El día señalado se presentó allá, envuelto en un
largo manto. Penetró en la antecámara de la princesa, en donde aguardaban siete
u ocho aspirantes a su mano. No temió ni por un momento siquiera que ninguno de
ellos pudiese alcanzar la mano de la princesa y, además, le constaba que tanto
ésta como su padre lo habían dispuesto todo con el único objeto de cogerle a
él. Pero no temió cosa alguna.
Acercóse, pues, respetuosamente y cuando la princesa
le preguntó qué cosas podría relatar, en demostración de su astucia, le
refirió, sin ambages, toda su historia, es decir, que le dio cuenta de cómo
penetraron en la cámara del tesoro él y su hermano, de que decapitó a éste para
que no fuese reconocido y el medio de que se valió para apoderarse del cadáver.

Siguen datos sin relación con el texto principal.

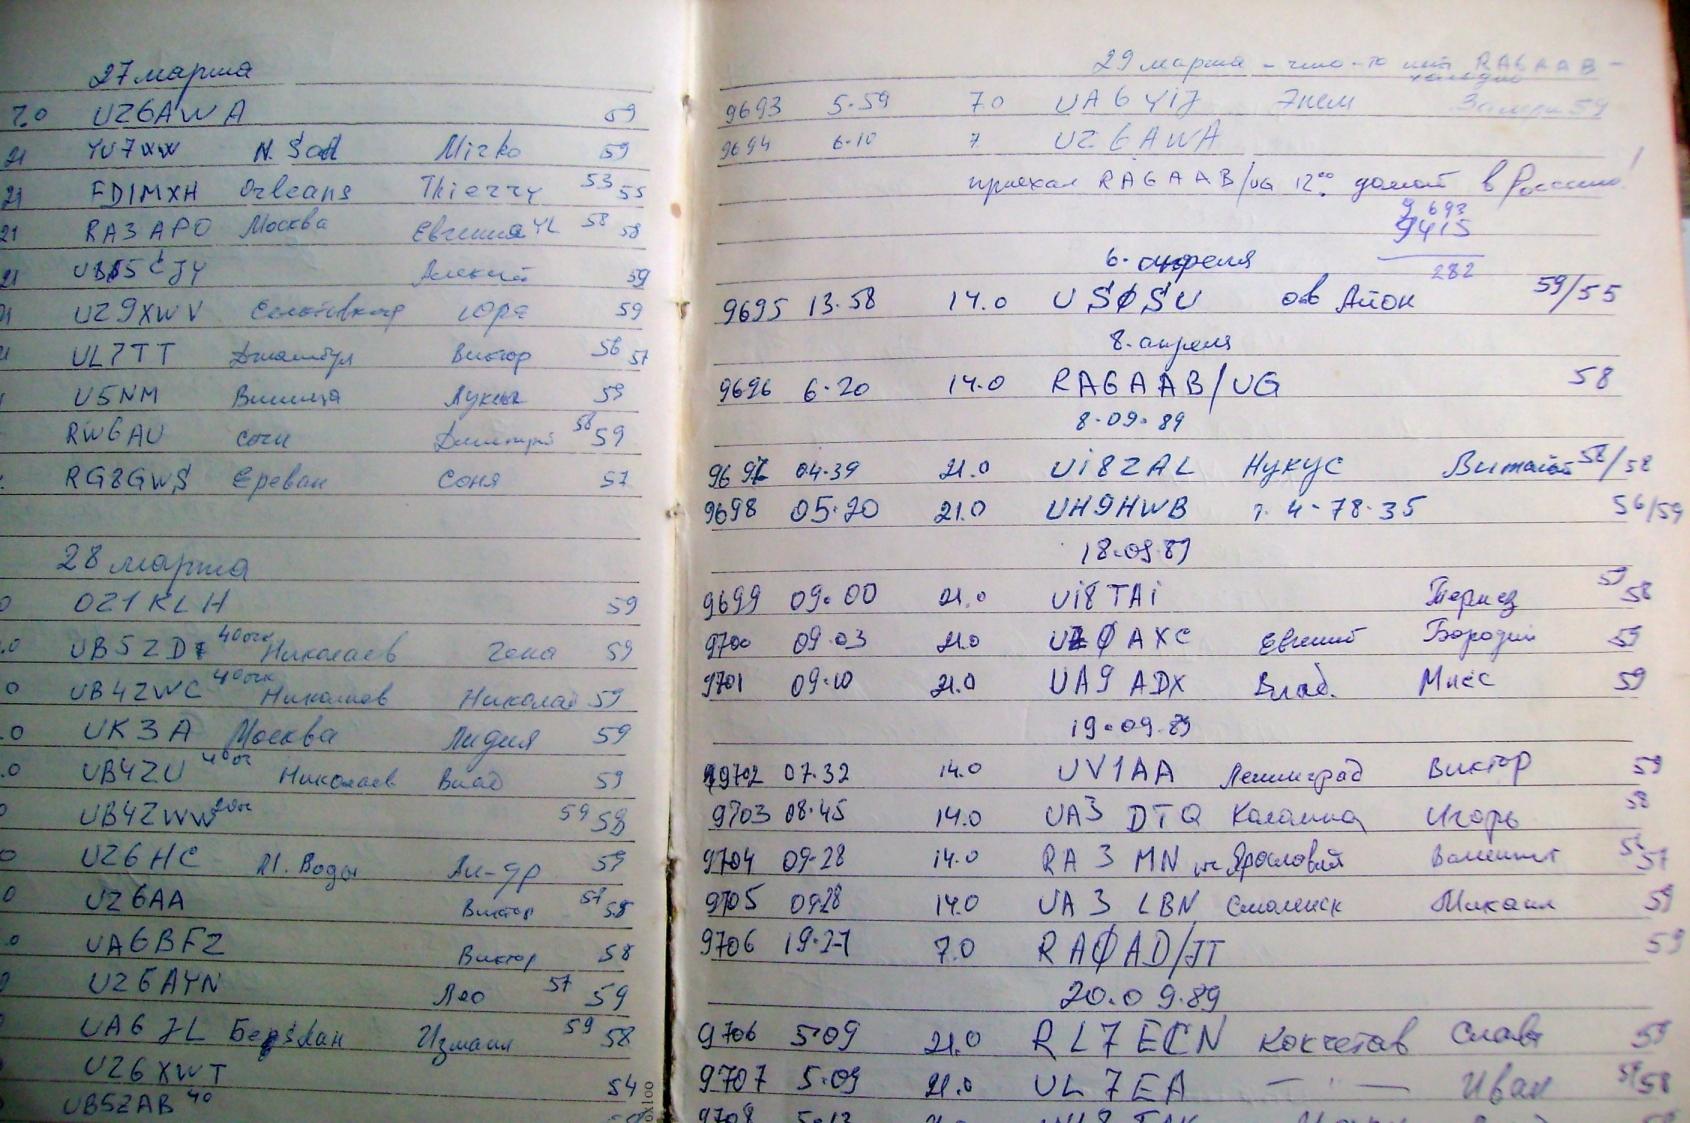 Нажмите на изображение для увеличения.  Название:UA6AH-UG-1989-log-4.jpg Просмотров:1 Размер:981.6 Кб ID:231017

Si bien en la estancia sólo se veía a la princesa,
lo cierto es que en las inmdiatas había numerosos guardias, dispuestos a acudir
a una voz de la joven. En cuanto ésta tuvo la certeza de que su interlocutor
era el hombre de que su padre quería apoderarse, alargó la mano y lo agarró por
el brazo. Pero en el acto se quedó muda, de sorpresa, de pasmo y de horror, al
observar que, a pesar de tenerlo asido aquel hombre huía rápidamente y dejaba
en su poder un brazo frío y perteneciente a un cadáver.

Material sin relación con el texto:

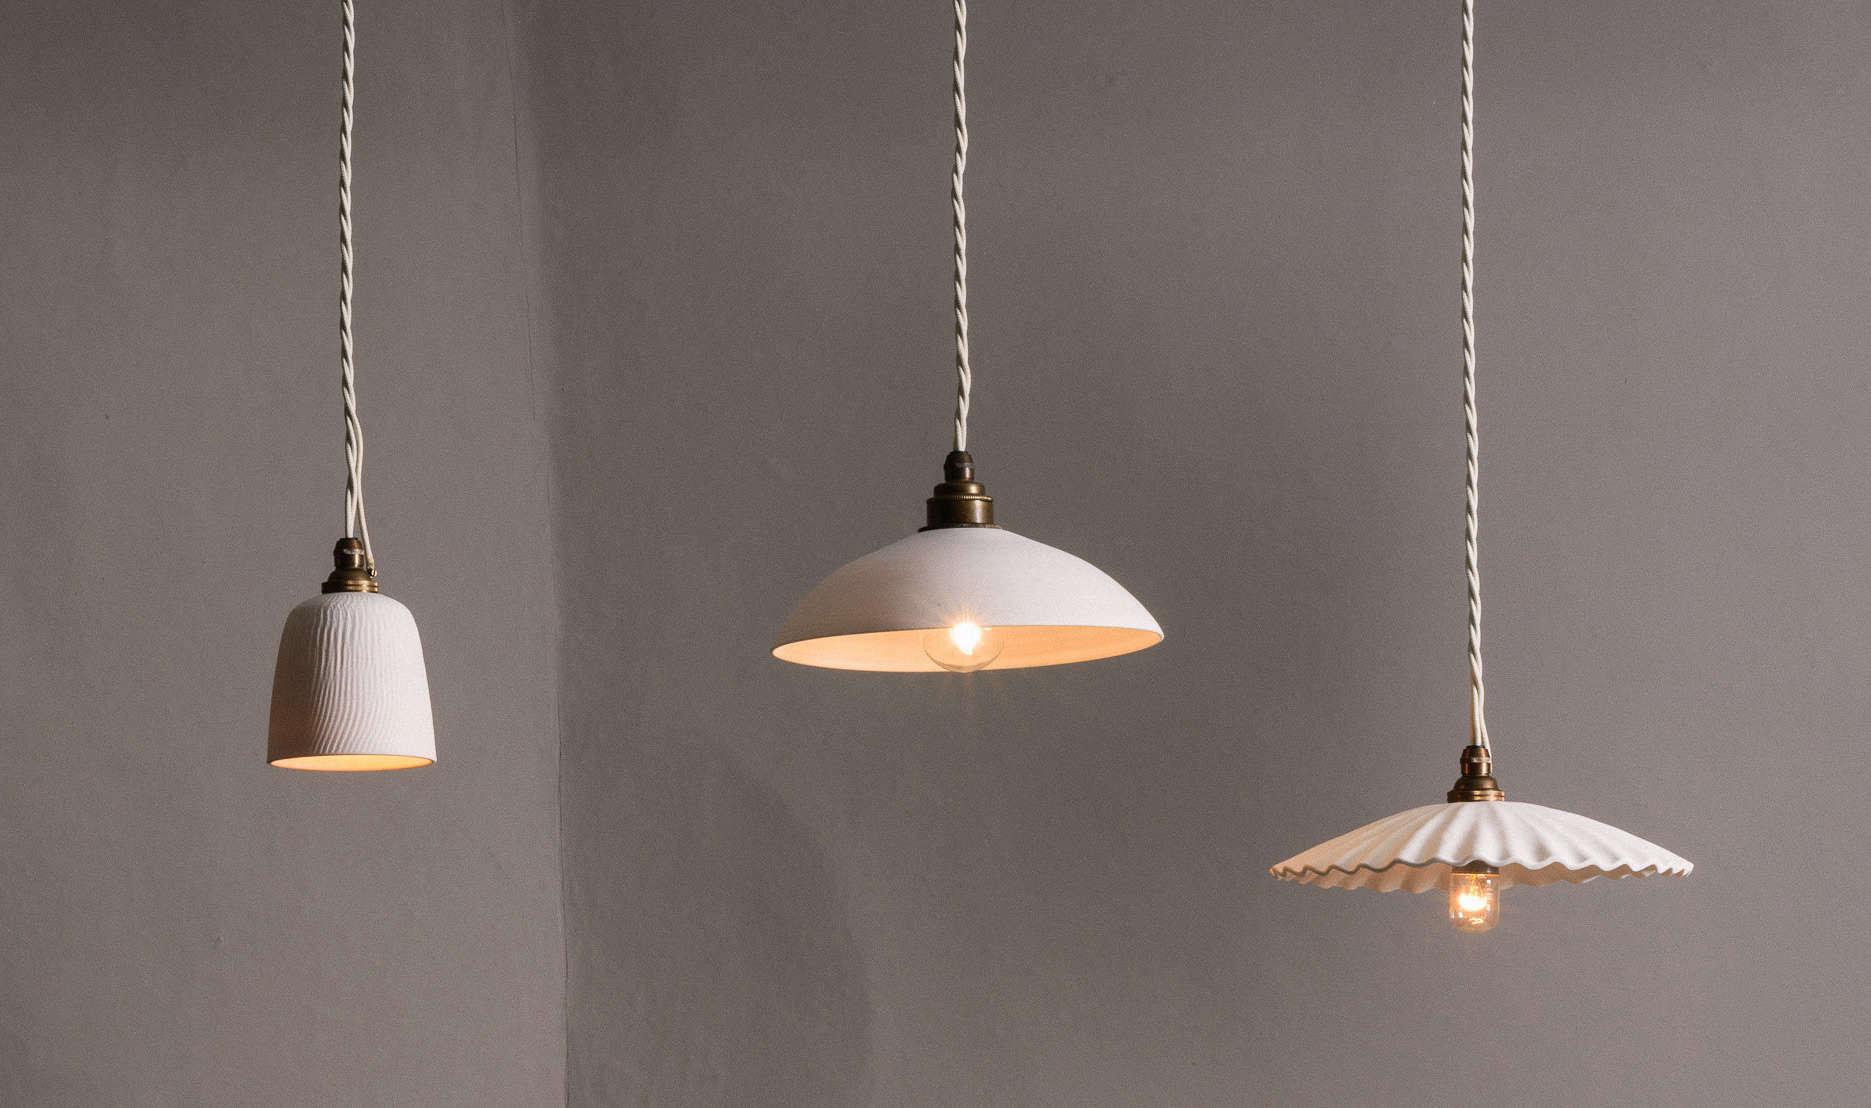 Hanging lights Kitchen lighting Porcelain pendant light Ceiling lights,special design lighting fixture Pendant lighting.Pendant lights

Cuando la joven hubo soltado aquel horrible despojo
y se recobró del susto para llamar a los guardias, Sen‑nu estaba ya muy lejos.
Como es natural, se divulgó la aventura y el pueblo
entero ridiculizó al monarca, quien empezaba ya a cansarse de su inútil empeño.
Se convenció, al fin, de que no tenía la talla suficiente para luchar con aquel
hombre que poseía una inteligencia privilegiada y decidió otorgarle amplio
perdón.
¡Cuál no sería la sorpresa del rey, cuando, el mismo
día en que mandó publicar esta orden, se presentó Sen-nu, declarándose culpable
de todos los hechos que Rbampsinitus; conocía ya en parte!
En cuanto el monarca vió al joven, no pudo
abstenerse de preguntarle:
‑¿No temes nada, puesto que te presentas a mí después
de lo que has hecho?
‑El rey me ha otorgado su perdón ‑contestó Sen‑nu ‑y
con seguridad no faltará a su palabra,
Eres tan valeroso como inteligente y no te has
equivocado al confiar en mi palabra. Te perdono, pues, aunque a cambio, de que
no me ocultes nada de cuanto ha sucedido.
Entonces Sen-nu reveló a Rhampsinitus la entrada
secreta de la cámara del tesoro y le probó que el muerto era su propio hermano.
Y tan asombrado quedó el rey ante la sagacidad, inteligencia y atrevimiento del
joven, que le concedió a su hija en matrimonio y
le
tributó, además, grandes honores.
034 Anónimo (egipto)
[1] Llamado también Amon o Annon‑ka, padre de
los dioses egipcios, y creador de la vida.